For Reference : https://towardsdatascience.com/train-test-split-and-cross-validation-in-python-80b61beca4b6

In [None]:
from sklearn.model_selection import train_test_split
X_train,X_test,y_train,y_test = train_test_split(X, Y, stratify=Y, test_size = 0.3,random_state = 42)

In [None]:
def draw_confusion_matrix(cm):
    plt.figure(figsize=(12,8))
    sns.heatmap(cm,annot=True,fmt="d", center=0, cmap='autumn') 
    plt.title("Confusion Matrix")
    plt.ylabel('True label')
    plt.xlabel('Predicted label')
    plt.show()

In [None]:
from sklearn.linear_model import LogisticRegression
from sklearn.metrics import accuracy_score, confusion_matrix

logreg = LogisticRegression(random_state=42)
logreg.fit(X_train, y_train)

y_predict_train_logreg = logreg.predict(X_train)
y_predict_test_logreg = logreg.predict(X_test)

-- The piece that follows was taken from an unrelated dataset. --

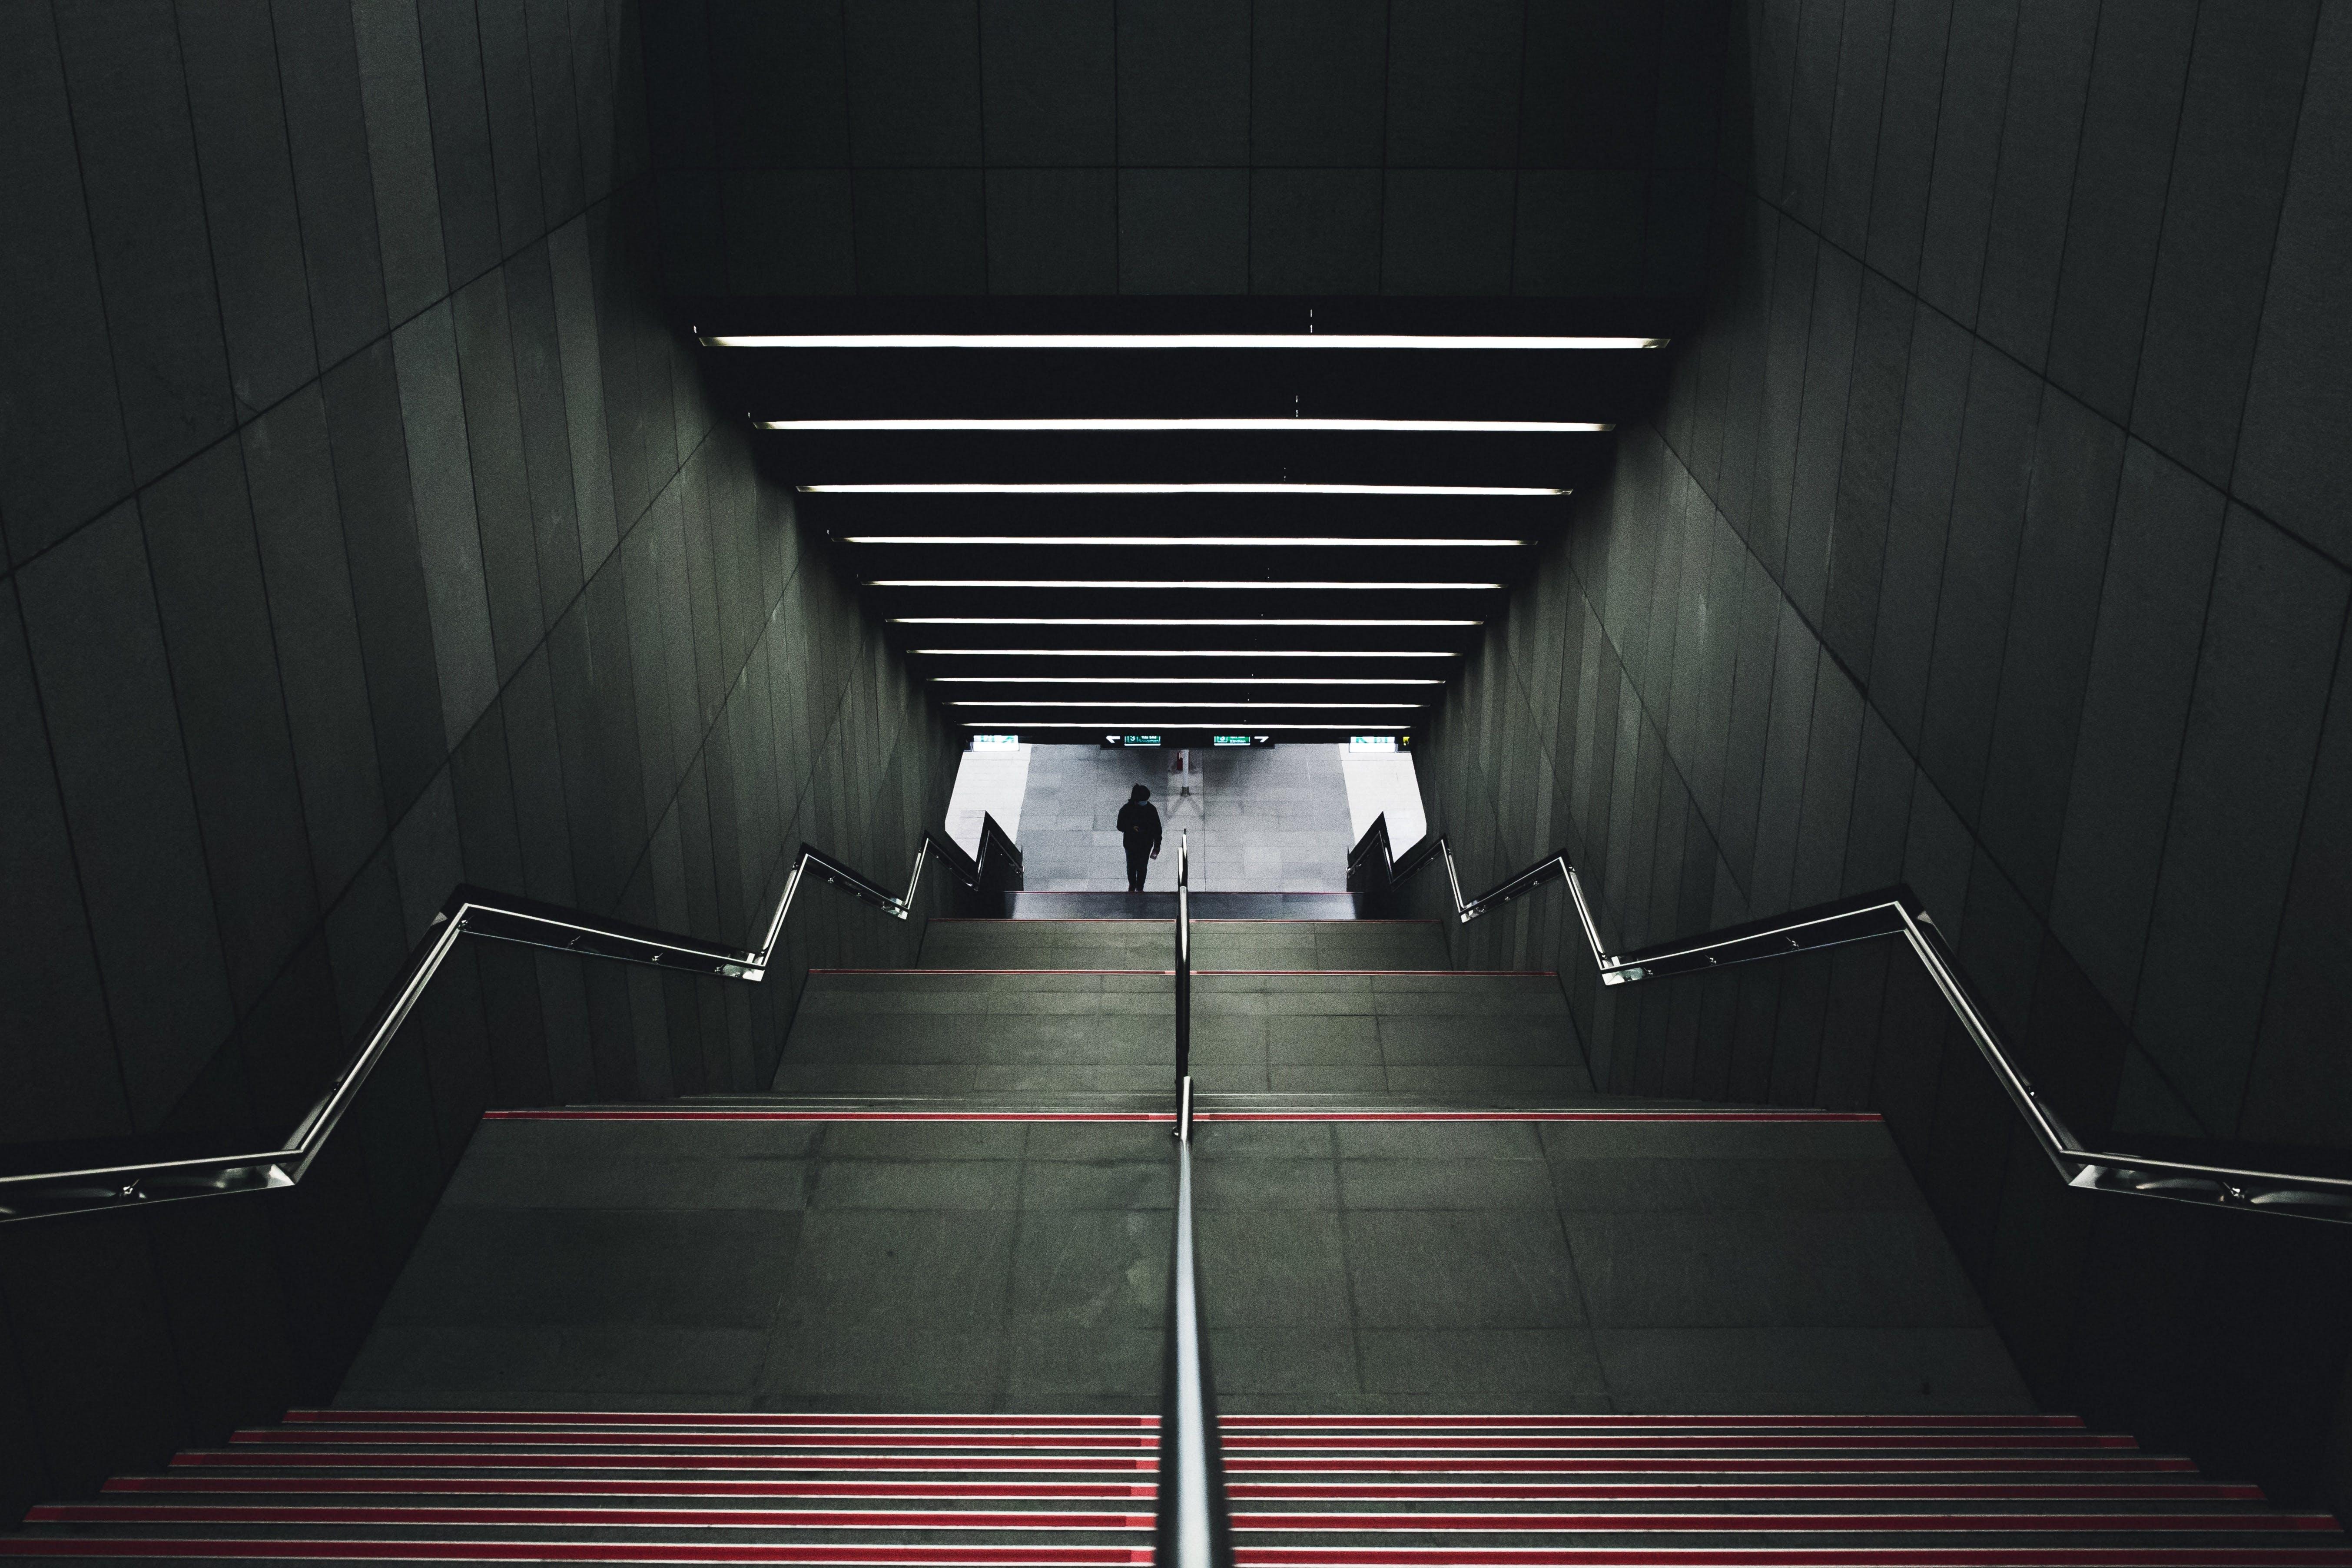 Free stock photo of stairs, lights, public transportation, underground
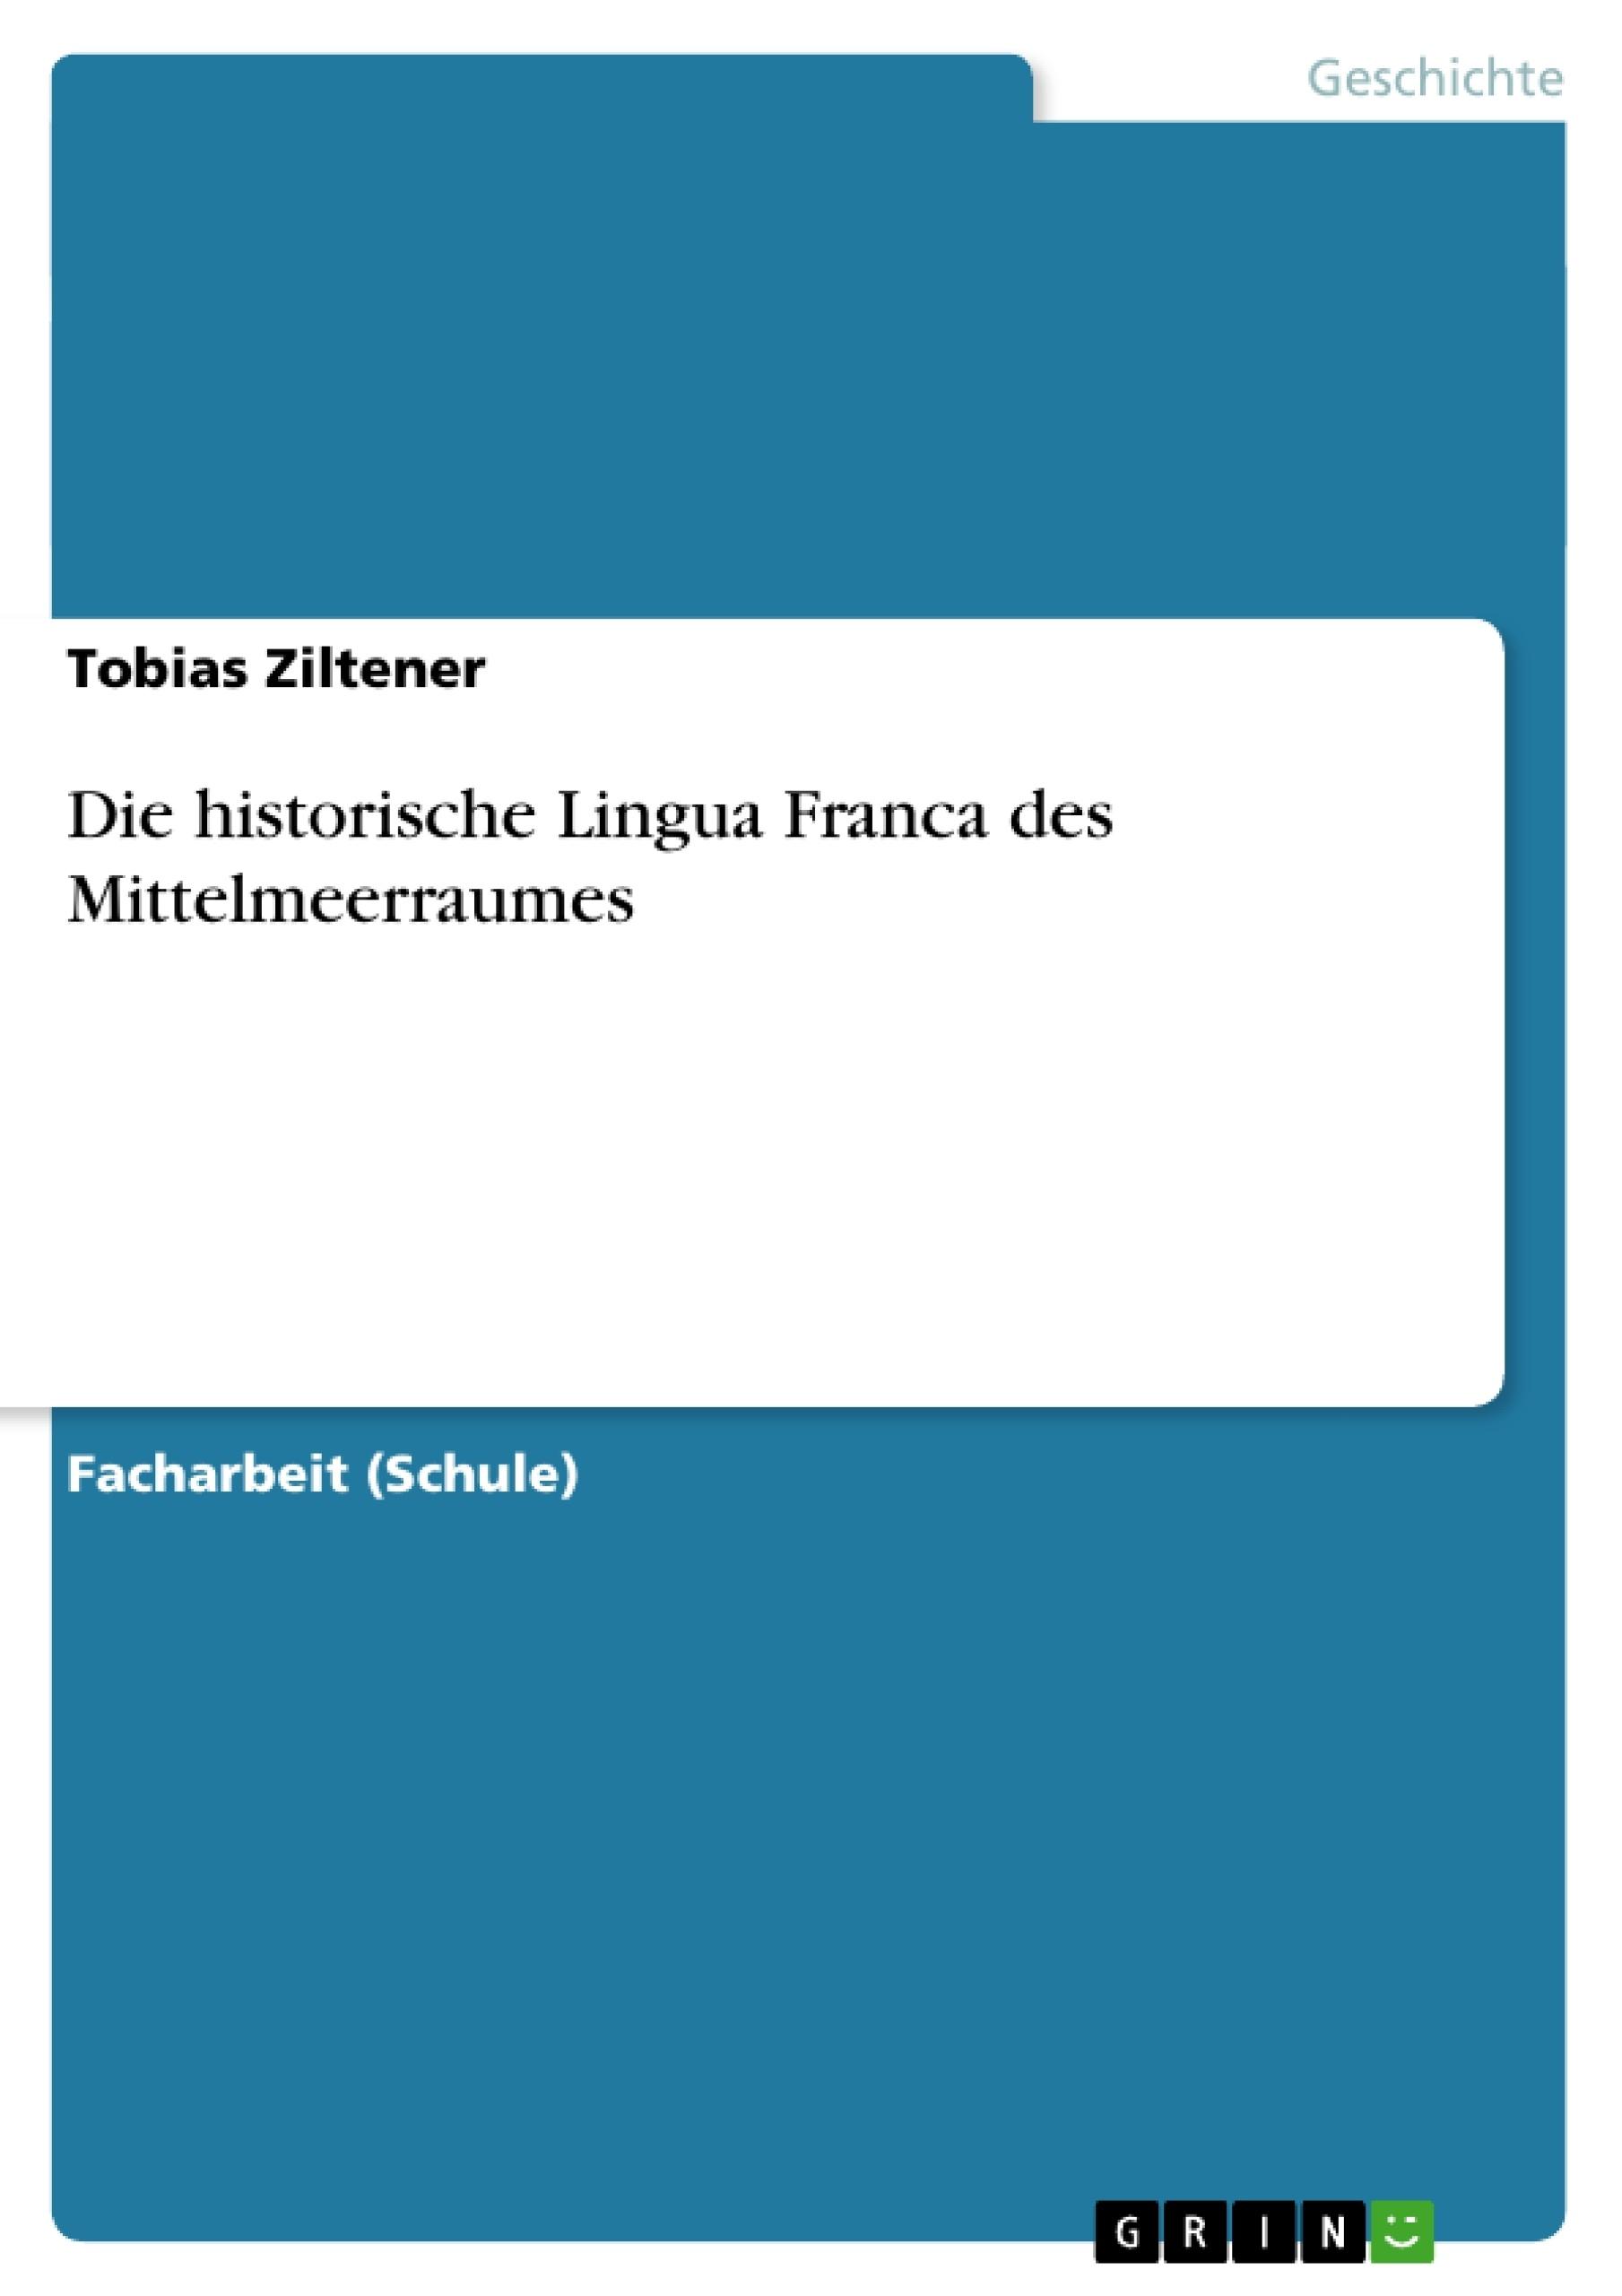 Titel: Die historische Lingua Franca des Mittelmeerraumes

train_accuracy_score_logreg = accuracy_score(y_train, y_predict_train_logreg)
test_accuracy_score_logreg = accuracy_score(y_test, y_predict_test_logreg)

print(train_accuracy_score_logreg)
print(test_accuracy_score_logreg)

In [None]:
cm_logreg = confusion_matrix(y_test,y_predict_test_logreg)
draw_confusion_matrix(cm_logreg)

### Introduction to Confusion Matrix

The confusion matrix is a technique used for summarizing the performance of a classification algorithm i.e. it has binary outputs.
![](https://cdn-images-1.medium.com/max/1600/0*-GAP6jhtJvt7Bqiv.png)



### ***In the famous cancer example***:


###### Cases in which the doctor predicted YES (they have the disease), and they do have the disease will be termed as TRUE POSITIVES (TP). The doctor has correctly predicted that the patient has the disease.

###### Cases in which the doctor predicted NO (they do not have the disease), and they don’t have the disease will be termed as TRUE NEGATIVES (TN). The doctor has correctly predicted that the patient does not have the disease.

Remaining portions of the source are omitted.